Built by Gulf Business Machines (GBM) with a focus on regulated GCC sectors — finance, healthcare, and government.


Why this exists

Sending raw customer data — names, card numbers, Emirates IDs, IBANs — to a third-party LLM provider is a data-protection and compliance risk for organizations in regulated sectors. Once data leaves your perimeter you lose control of where it is stored, logged, or used for training.

llm-guardrails-kit gives you a thin, auditable control layer you own:

  • 🛡️ Redaction — detect and mask PII/PCI before the prompt leaves your network, and transparently restore the originals in the response.
  • 💰 Cost governance — meter every request and roll up spend per model.
  • 📝 Auditability — append a structured, privacy-safe JSON-Lines record for every call, proving what was sent without ever recording the raw values.

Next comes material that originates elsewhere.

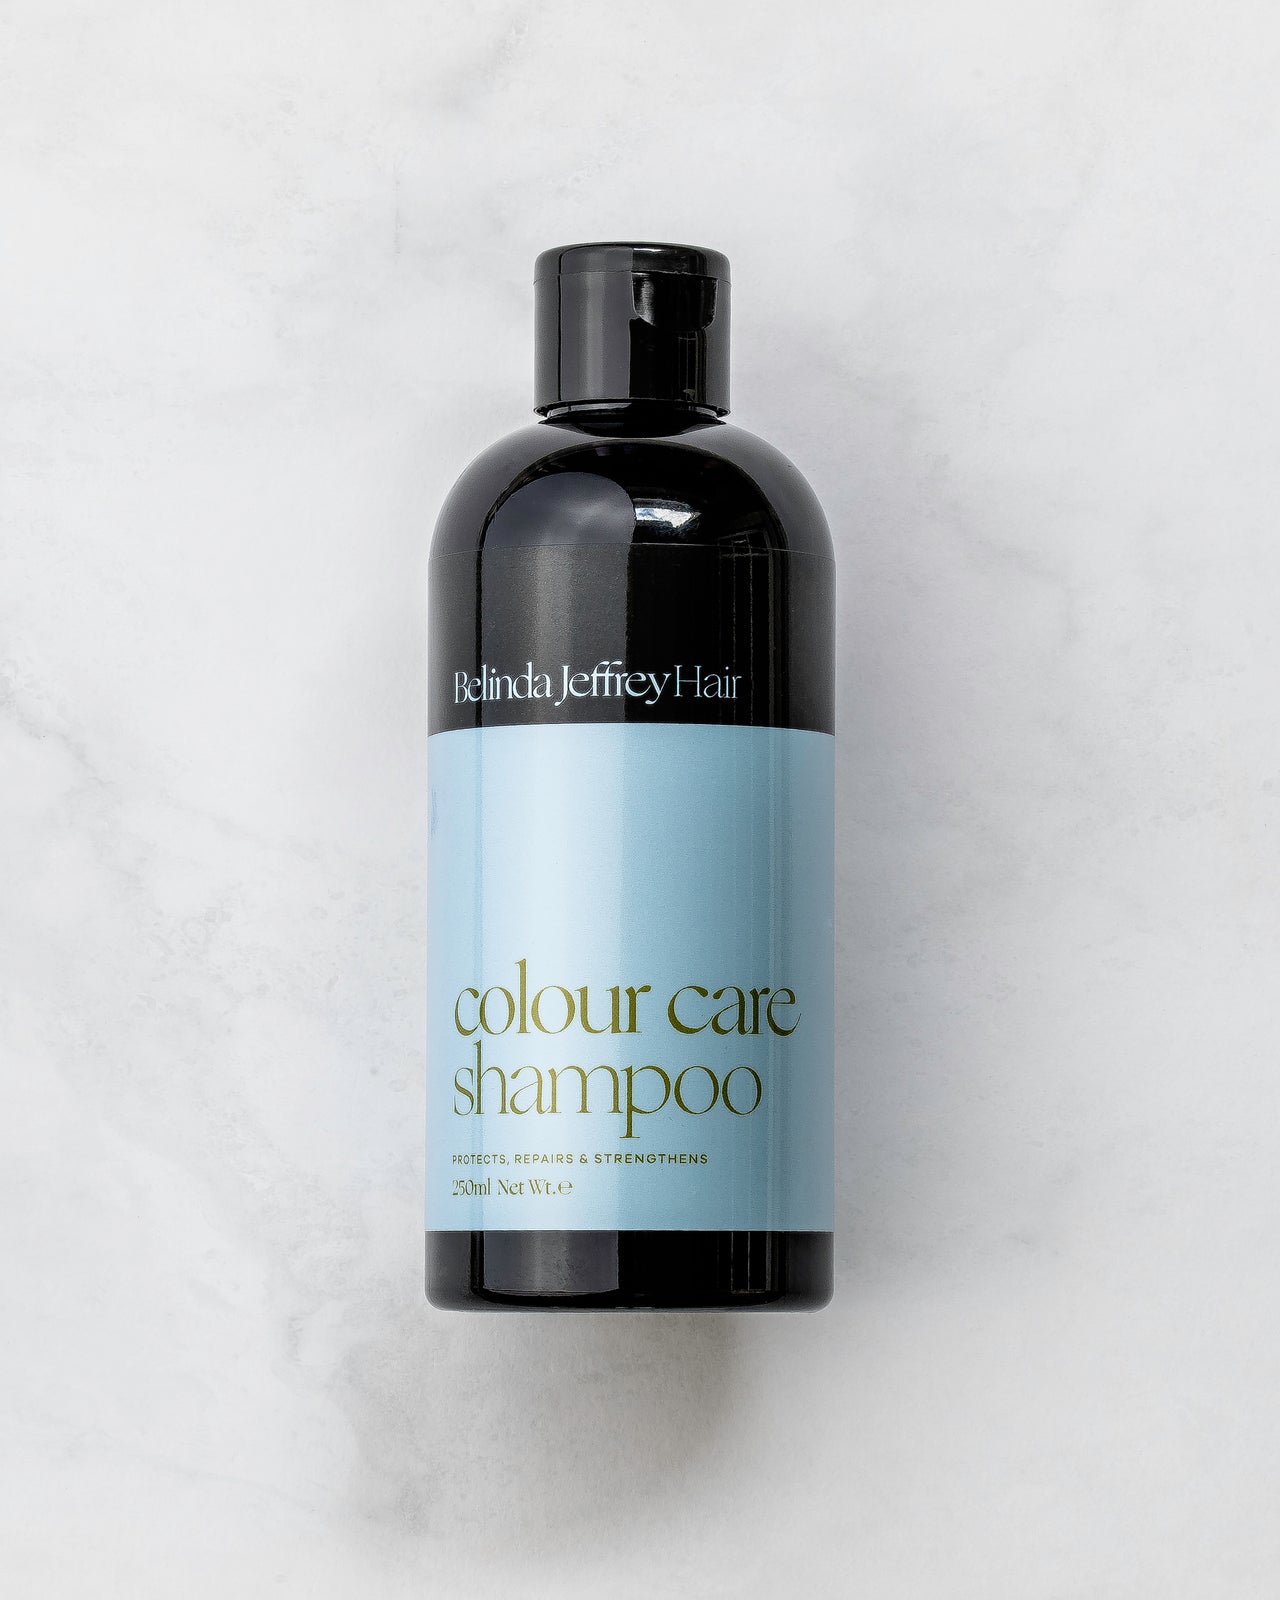 Colour care shampoo by Belinda Jeffrey Hair. Black bottle with a blue label.

It is provider-agnostic (works with any LLM via a callable you supply) and the core install has zero third-party dependencies — easy to vet, easy to run in locked-down environments.

Data-protection regimes across the GCC (for example the UAE PDPL, DIFC and ADGM data-protection regulations, Saudi PDPL, and sector rules from regulators such as central banks and health authorities) place obligations on how personal data is processed and shared. This library is a control to help you meet those obligations — see the disclaimer.


Install

# Core — zero third-party dependencies
pip install llm-guardrails-kit

# Optional: LiteLLM integration (one client for 100+ providers)
pip install "llm-guardrails-kit[litellm]"

# Development (pytest, build, ruff)
pip install "llm-guardrails-kit[dev]"

Requires Python 3.11+.


Quickstart

Redact a prompt containing a card number, Emirates ID, and email; send it through a GuardedClient with a dummy completion function; and inspect the audit record — all without an API key.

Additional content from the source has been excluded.